И действительно, притих, так что убирать его не понадобилось.

— К нам, господа, в наш цирк, приехал гастролировать знаменитый капитан Блэк. Помните — громадный негр, атлетически так сложенный, замечательный красавец при этом?.. Даже именно то, что он был, как чернила, черный — все типичные признаки его расы, все это удивительно шло к нему... он был замечательно хорош и, вообще, успех имел необыкновенный... Он был женат на толстой такой, краснощекой голландке... Ах, какая сварливая, неопрятная, мерзкая женщина!

— К чему же эти ненужные предисловия? — заворчал было снова Иван Семенович, но мы крикнули ему «тс!» и он отретировался.

Красавица только покосилась в его сторону и продолжала:

— Блэк приехал к нам со своими шестью дрессированными львами. Один из них, Абделькадер, был особенно страшный, угрюмый такой и большой-большой... грива косматая... он был уже старый лев — у Блэка уже лет десять, да еще у прежнего хозяина не помню сколько — главный сюжет всей труппы... Я была тогда еще не «prima», а так выезжала больше на грациозных па, и главный номер мой был качуча на двух седлах с кастаньетами. Ко мне удивительно шла испанская куафюра и черное кружево... и всегда выходило на бис... Скоро я заметила, что Блэк перед моим выходом стал накидывать на свой костюм (трико золотистого цвета) пальто и появлялся в партере с биноклем... Он этого почти никогда не делал, но теперь стал с каждым моим появлением... Он особенно был ко мне внимателен, чего не разделяла его противная голландка, шипевшая на меня, как змея, раз даже пребольно меня ущипнула — этакая злюка!.. Раз как-то встретилась я с капитаном просто на улице... Мы пошли вместе, повернули в сквер и сели на скамейке, в глубине сада. Негр долго мялся, готовился, должно быть, к объяснению, и, наконец, бухнул мне сразу:

— А ведь эта Эмма мне не жена!

— Неужели?.. — Я сделала вид, что меня очень удивило это открытие.

— Совсем не жена, — продолжал негр... — Она моя просто кузина...

И он опять засмеялся... прямо-таки захохотал во все горло, скаля свои превосходные белые зубы.
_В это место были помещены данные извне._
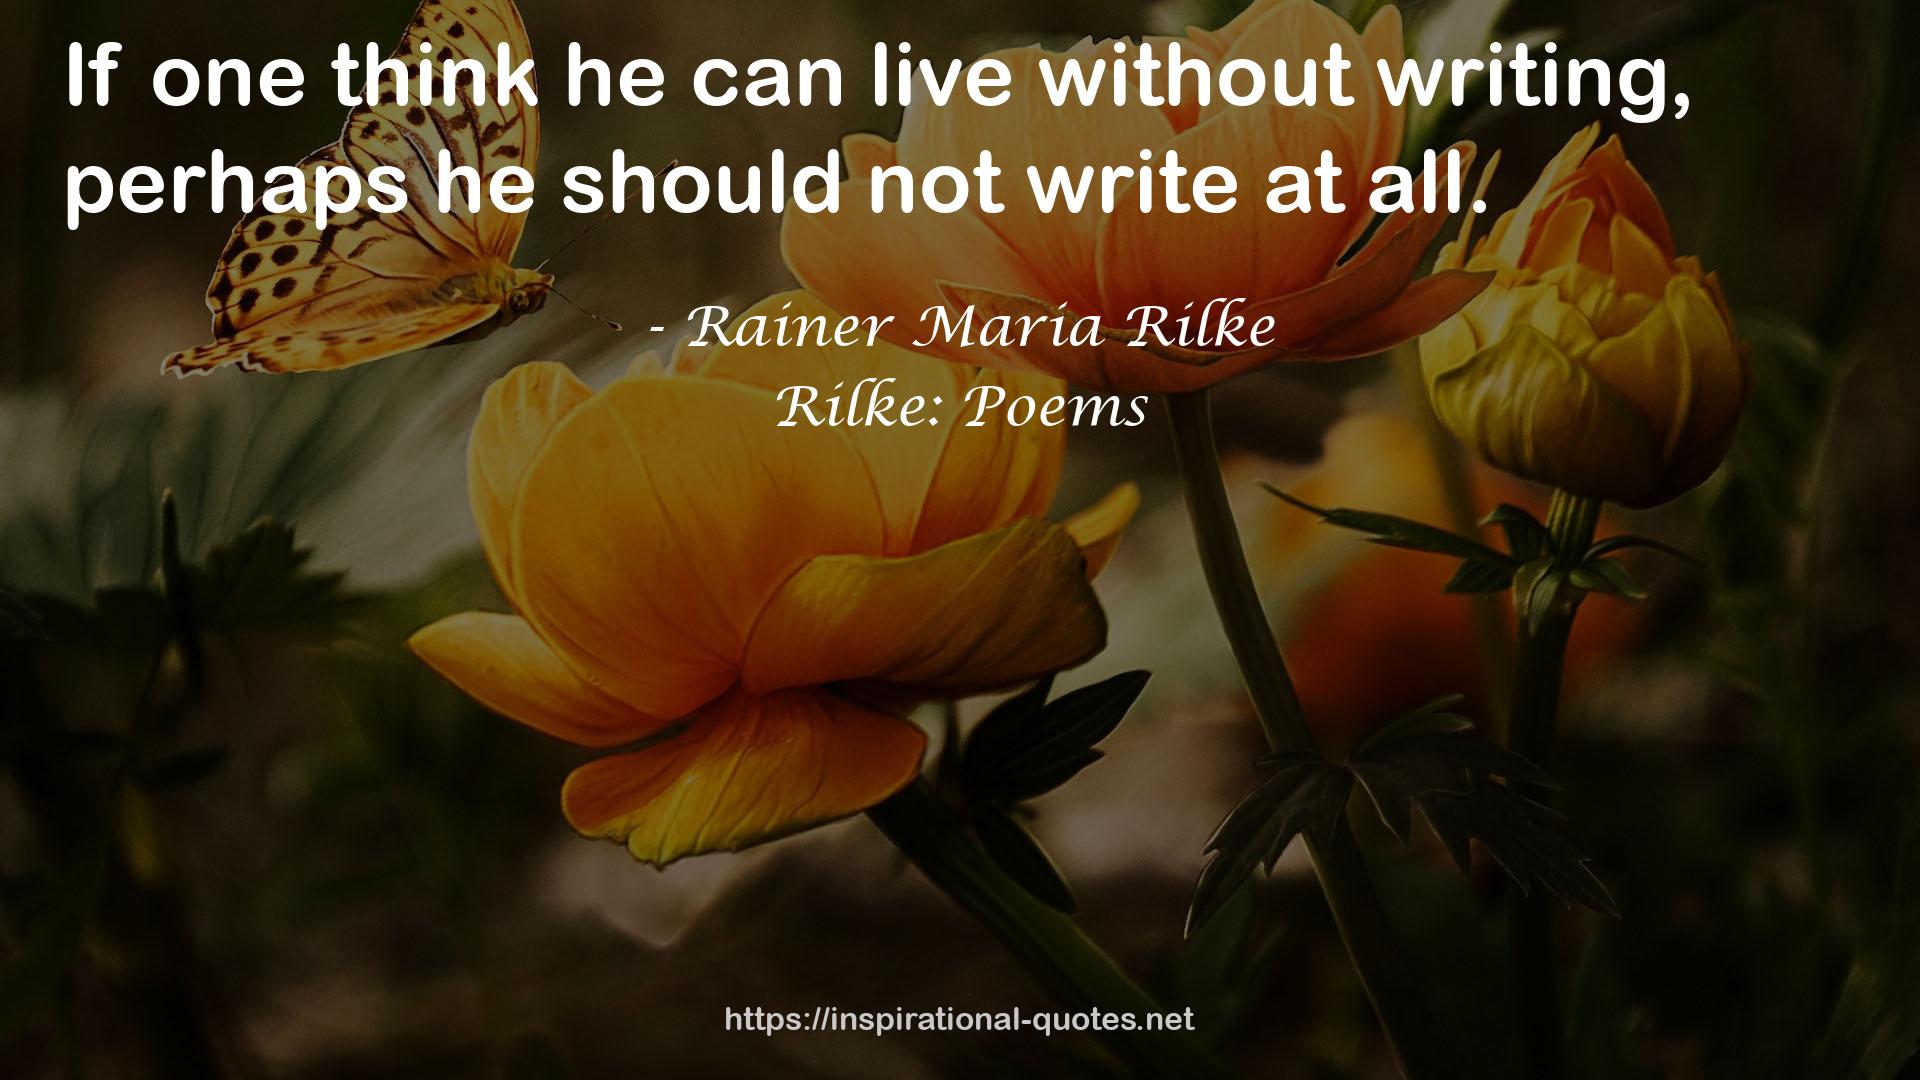 Rilke: Poems QUOTES

Даже прохожие стали оборачиваться.

— А вы будете моей женой! — бухнул капитан и еще громче захохотал... — Настоящей женой, с пастором и всякими гербовыми бумагами с печатями... ого-го!.. У меня, — продолжал он, — вы видели сами, сколько орденов и медалей; у меня даже есть орден с настоящим бриллиантом... у меня есть уже десять тысяч долларов в нью-йоркском банке, я вам после даже книжку покажу... и я очень знаменитый человек!.. Меня, я вам скажу по секрету, даже третьего дня одна настоящая графиня к себе приглашала, но я не поехал... Вы, мисс, гораздо лучше той настоящей графини и вы будете моей женой!
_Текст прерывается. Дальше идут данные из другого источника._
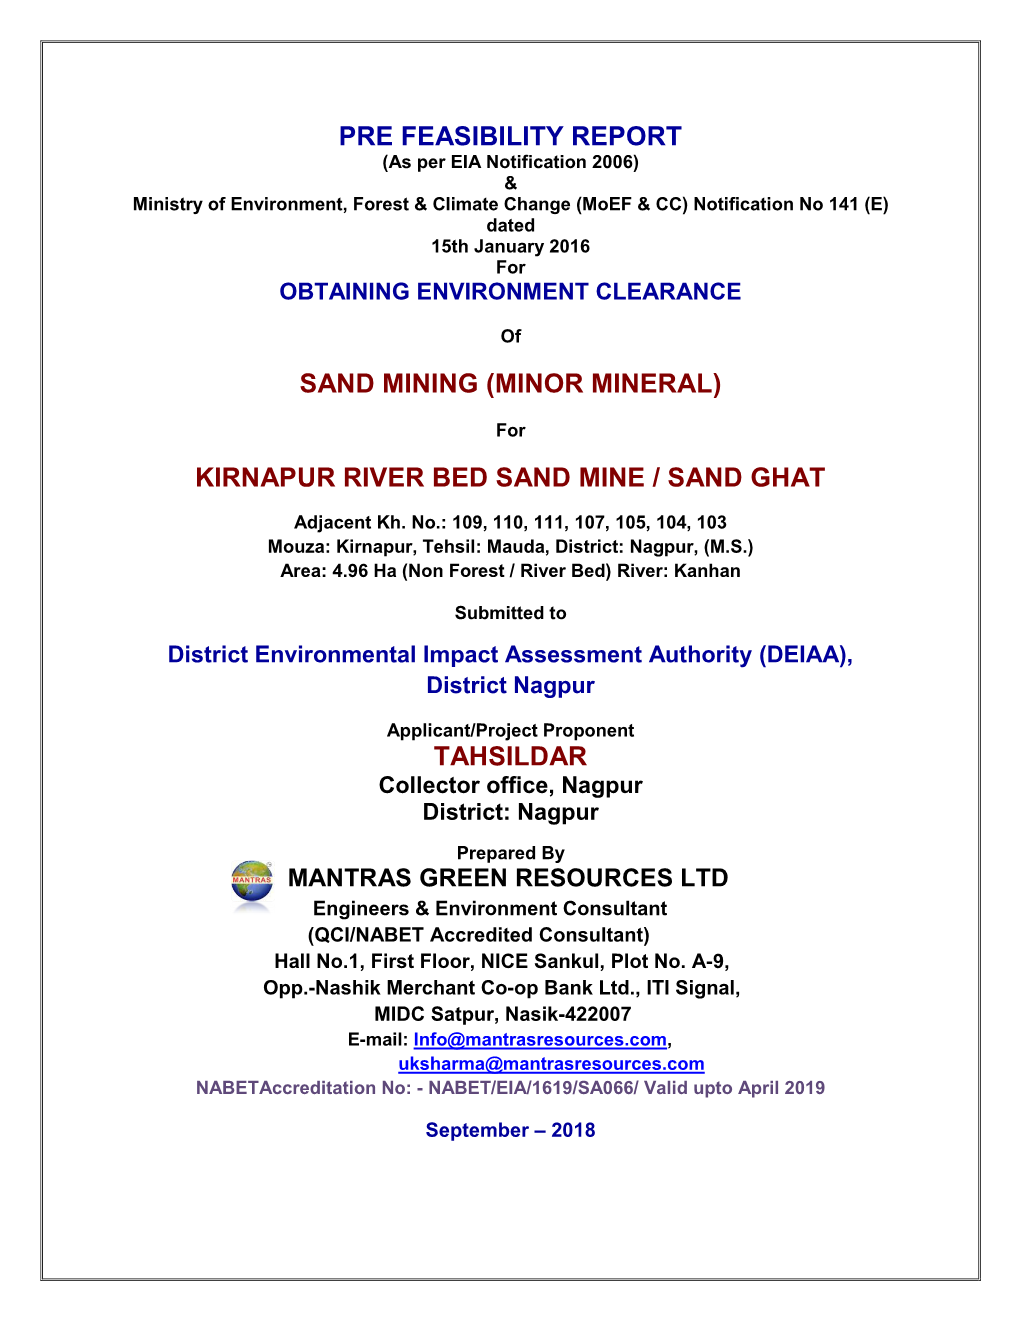 Kirnapur River Bed Sand Mine / Sand Ghat

Я ему отвечала на это, что еще подумаю, что я так молода и все такое, и что я, вообще, очень боюсь всяких злых животных.

— Мои львы совсем не злые!.. Они добрые и очень смирные...

Бедный негр не понял моего намека и отнес его к членам своей труппы.

— Но я еще не так знаменита, не так известна, как вы, — стала я скромничать... — Мне, маленькой выходной наезднице, соединить свою судьбу с таким известным укротителем львов!..

— Вы будете скоро так же знамениты! — закричал негр... — Вы войдете в клетку и положите свою головку прямо в рот Абделькадеру, и вам будут много, очень много аплодировать... И знаете, как это будет эффектно?!

На афише ничего не стоит, обыкновенная афиша. Вывозят клетку, открывают доски; львы ревут, я кланяюсь и вхожу к ним, Эмма входит тоже. Львы прыгают, делают труппу, я кладу голову в пасть Абделькадеру, Эмма тоже... Тут экспромт — вы выезжаете с кастаньетами и говорите публике: «Я тоже ничего не боюсь, я тоже могу входить в клетку и тоже могу класть голову в рот Абделькадера...» Публика кричит: «Не надо, не надо!» Директор говорит: «Я не могу пускать, сам господин полицмейстер не позволяет...» Я молча открываю клетку, вы прыгаете с лошади и кладете голову в рот льву. Браво!.. Бис!.. Аплодисменты... Газеты все трубят, печатают ваш портрет, и вы сами делаетесь большой знаменитостью... Хотите? Мы завтра же делаем репетицию?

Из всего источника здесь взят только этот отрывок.